Shaina Kasper, Community Action Works’ Vt. organizing director, works with community members to fight threats to health and their environment.

CONCORD, N.H.—Invoking the First Amendment, NELC attorneys successfully beat back efforts by Casella Waste Systems to inquire into the internal deci s i on-making of Conservation Law Foundation and Toxics Action Center (now Community Action Works), the two plaintiffs in NELC’s ongoing Clean Water Act lawsuit over the discharge of pollutants at Casella’s landfill site in Bethlehem, New Hampshire. 

The majority of citizen suits filed by NELC are brought on behalf of environmental organizations with members in the affected community.

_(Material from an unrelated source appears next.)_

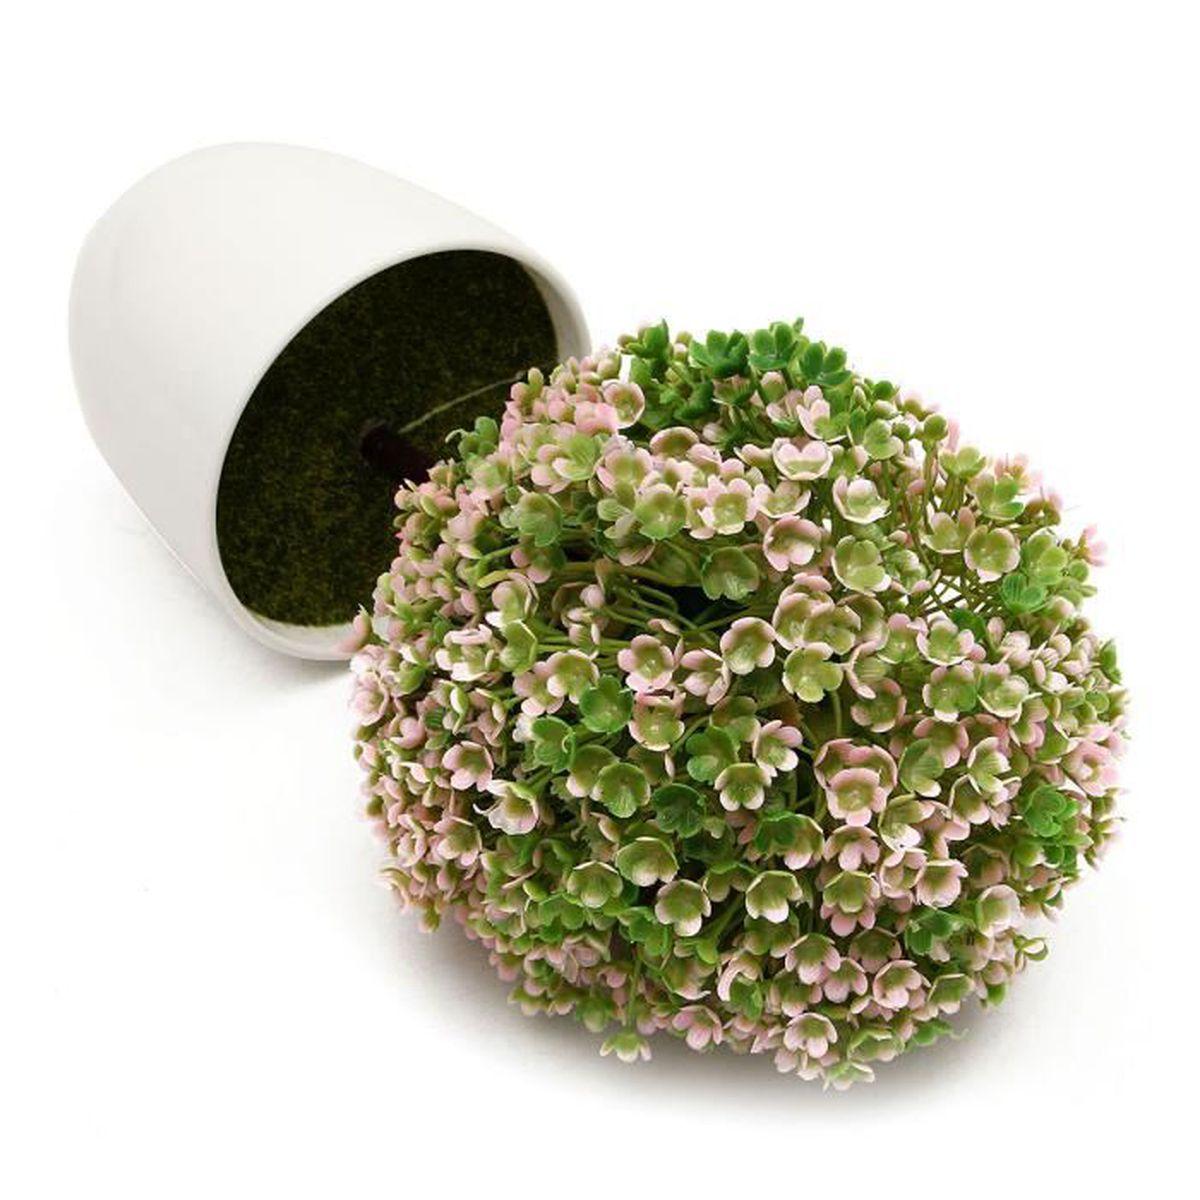 Boule artificielle herbes arbre pot pvc maison d coration for Arbre artificielle

Under well-established Supreme Court precedent, such an organization may file suit on behalf of its members, provided that it has individual members who could serve as plaintiffs in their own right, and that the interests the suit seeks to protect are “germane to the organization’s purposes.” 

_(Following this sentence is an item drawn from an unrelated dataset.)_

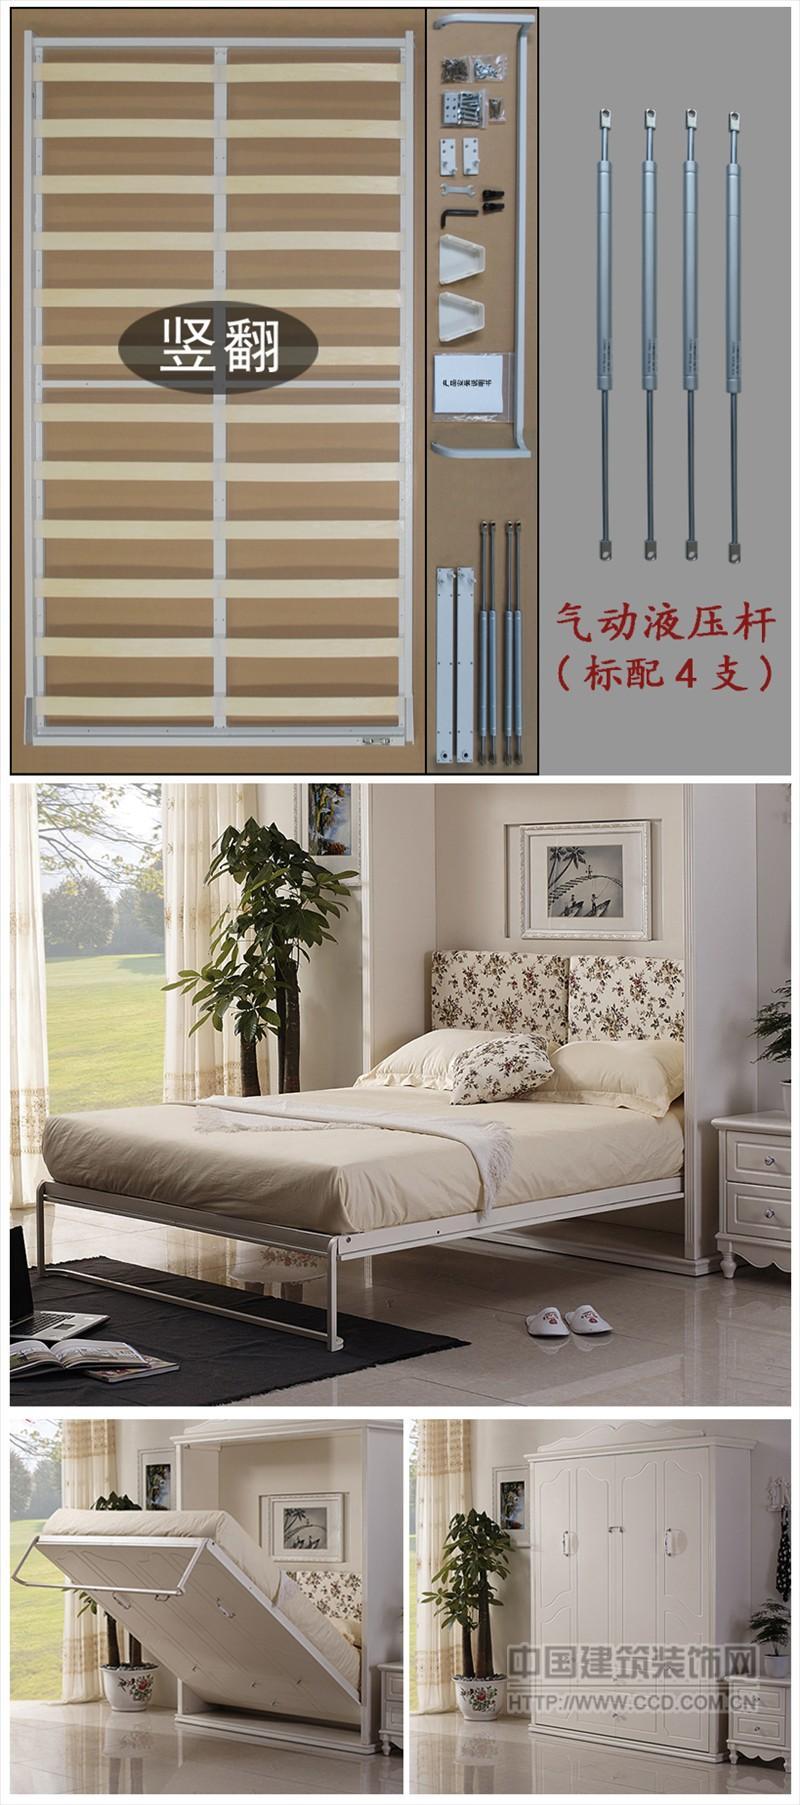 厂家直销广州市意派多功能隐形床

As often happens in environmental lawsuits brought by such organizational plaintiffs, Casella sought to use the court’s formal “discovery” process to secure information wholly unrelated to the groups’ claims in the pending suit. It issued discovery requests seeking, among other things, the names of the groups’ members and information on the groups’ efforts to stop Casella’s proposed expansion of the landfill. 

Under a string of court decisions dating back to the 1950s, however, the First Amendment confers an “associational privilege” upon advocacy groups, which protects their ability to freely speak and associate. The privilege extends to discovery requests made by a non-government entity, such as Casella, because it is the court—the government—that must enforce the requests. In the context of discovery, a party asserting the associational privilege must make an initial showing that enforcement of the discovery requests will result in harassment, membership withdrawal, discourage-ment of new members, or other consequences that suggest a “chilling” of associational rights. The burden then shifts to the party seeking the information to show that its interest in securing it outweighs the deterrent effect on the others’ constitutional rights. 

Upon receiving Casella’s discovery requests, NELC secured affidavits from leaders within each organization describing the negative effects that dissemination of the requested information to Casella would have on their ability to engage in effective advocacy. The Vermont and New Hampshire state director of Community Action Works, for example, described incidents in which members had been harassed in grocery stores and received threatening mail during contentious community campaigns. 

NELC attorneys then filed a motion with the court for a protective order, citing the potential for other such effects and noting that the requested information was irrelevant to plaintiffs’ lawsuit. This successfully constrained Casella’s discovery efforts to the factual bases for plaintiffs’ allegations that its landfill illegally discharges pollutants into the Ammonoosuc River— information to which Casella is entitled because it is the focus of the lawsuit.